By Tyson Thorne

June 19, 2014

StoningStephen large

We last left Stephen about to give his defense in Acts chapter 7, but instead of a legal defense he gave a defense of his faith. It’s unclear if Stephen knew he had been trapped by the traditional Jewish leadership, either way you have to admire his priorities. Instead of trying to get off the hook he instead takes the opportunity to tell the establishment just where they have gone wrong and challenged them to accept Jesus as their Messiah. He threw all caution to the wind and made Jesus the center of his speech, just as he did with his life.

“Provocative” doesn’t even begin to describe Stephen’s speech. He informed the Temple rulers they were unworthy of salvation because of the way they treated the prophets of old (Joseph, Moses, Elijah, Jeremiah and many others) and most recently the Savior Jesus Himself.
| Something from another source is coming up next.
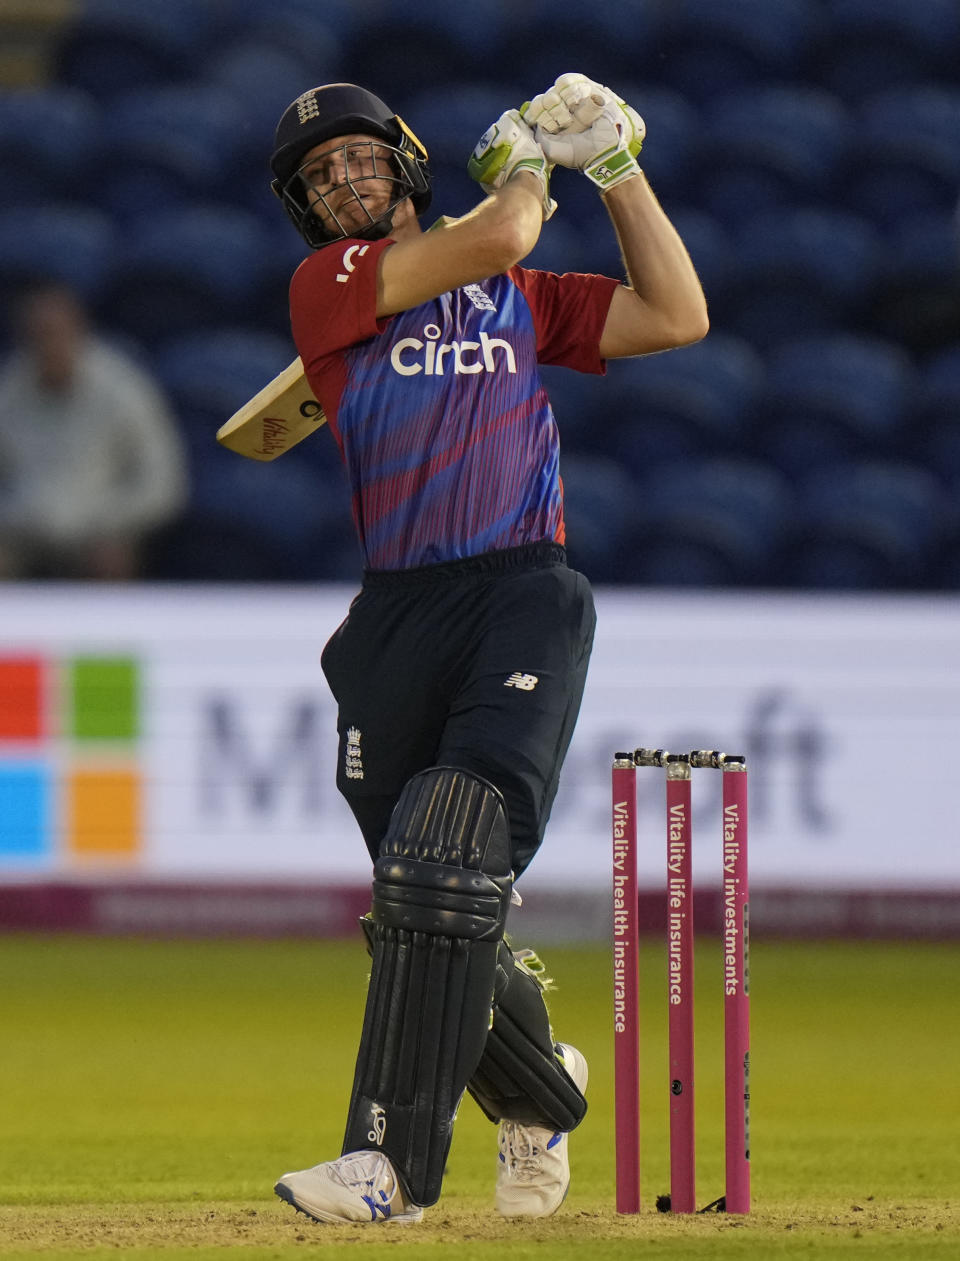 England's Jos Buttler hits the winning run during the T20 international cricket match between England and Sri Lanka at Cardiff, Wales, Wednesday, June 23, 2021. (AP Photo/Alastair Grant)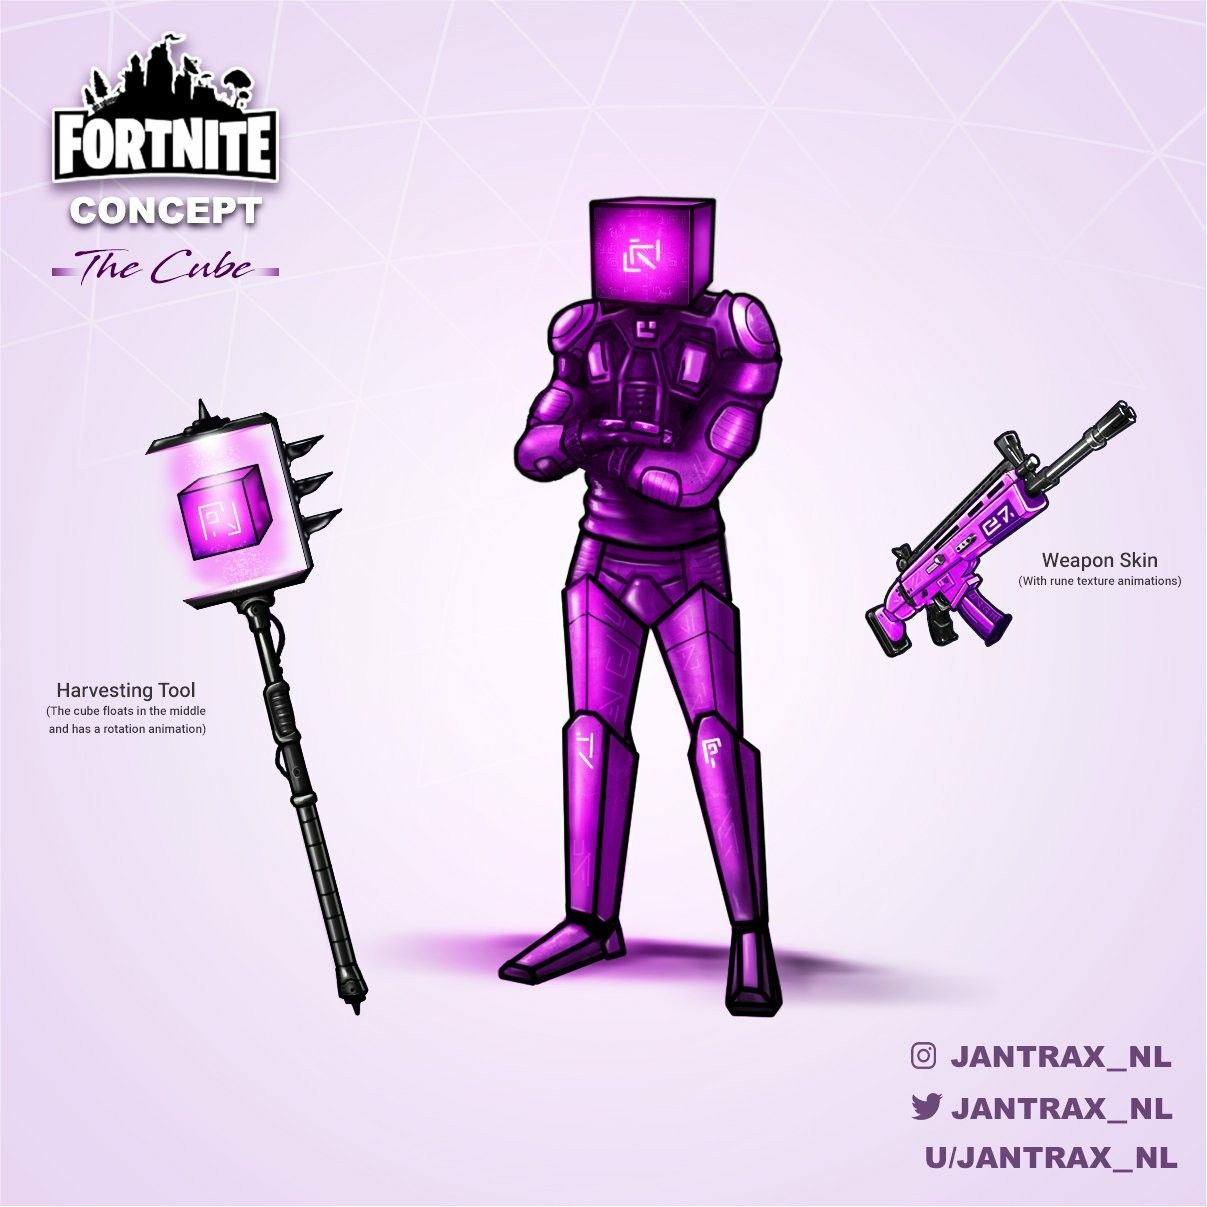 Kevin The Cube Concept Art Characters In Gaming

He ridiculed the fact they worshiped God in the temple but not in their hearts; after all, “God does not live in houses made by men” (7.48). He concluded his message by calling them traitorous murderers. Shortly after his speech, the Jewish leadership proved him right and executed him by stoning.

Forgive me for detailing a practice you might already understand, but a friend of mine once revealed his Biblical illiteracy when he told me that he thought the practice of “stoning” was forcing someone to get so high on drugs that they died. That is not stoning. Instead, stoning is a form of execution where a crowd of people throw stones at the accused until they succumb to their injuries and die. It is torturous and cruel, yet from a legal standpoint it has the advantage that no one knows just whose stone struck the deathblow. Stoning is still legally practiced in Afghanistan, Indonesia, Iraq, Mauritania, Nigeria, Pakistan, Saudi Arabia, Somalia, Sudan and Yemen.

The Bible does not give details about the practice of stoning. Traditionally, however, the condemned is secured in some way, either to a pole or buried – up to the waist in the case of men and up to the chest for women. Once immobilized the crowd gathers jagged rocks and throw them as hard and fast as they are capable at the accused.

Some have argued that the execution was illegal because the Roman’s didn’t extend to the Jews the right of Capital Punishment. This is only partly true. A Roman citizen was required to have a Roman trial and, if found guilty, a Roman execution. Also, if the perpetrator was accused of breaking a Roman law it was guaranteed the Romans would be in charge of prosecution. The Roman’s did, however, extend the right to the Jews to discipline their own people in matters of Jewish faith and law. There is no indication one way or the other about Stephen’s citizenship, therefore as long as he was not a Roman the trial and execution was legal.

On that day, we are told in chapter eight, a great persecution broke out against the church. The Jews followed their leaders’ example, and began to excommunicate, and sometime execute, their Christian relatives. But the story does not end on this bleak note. Godly men buried Stephen, and the other apostles continued to preach boldly and in great power the message of the resurrected Messiah. Israel would never be the same. And neither are we the same since Christ entered our lives.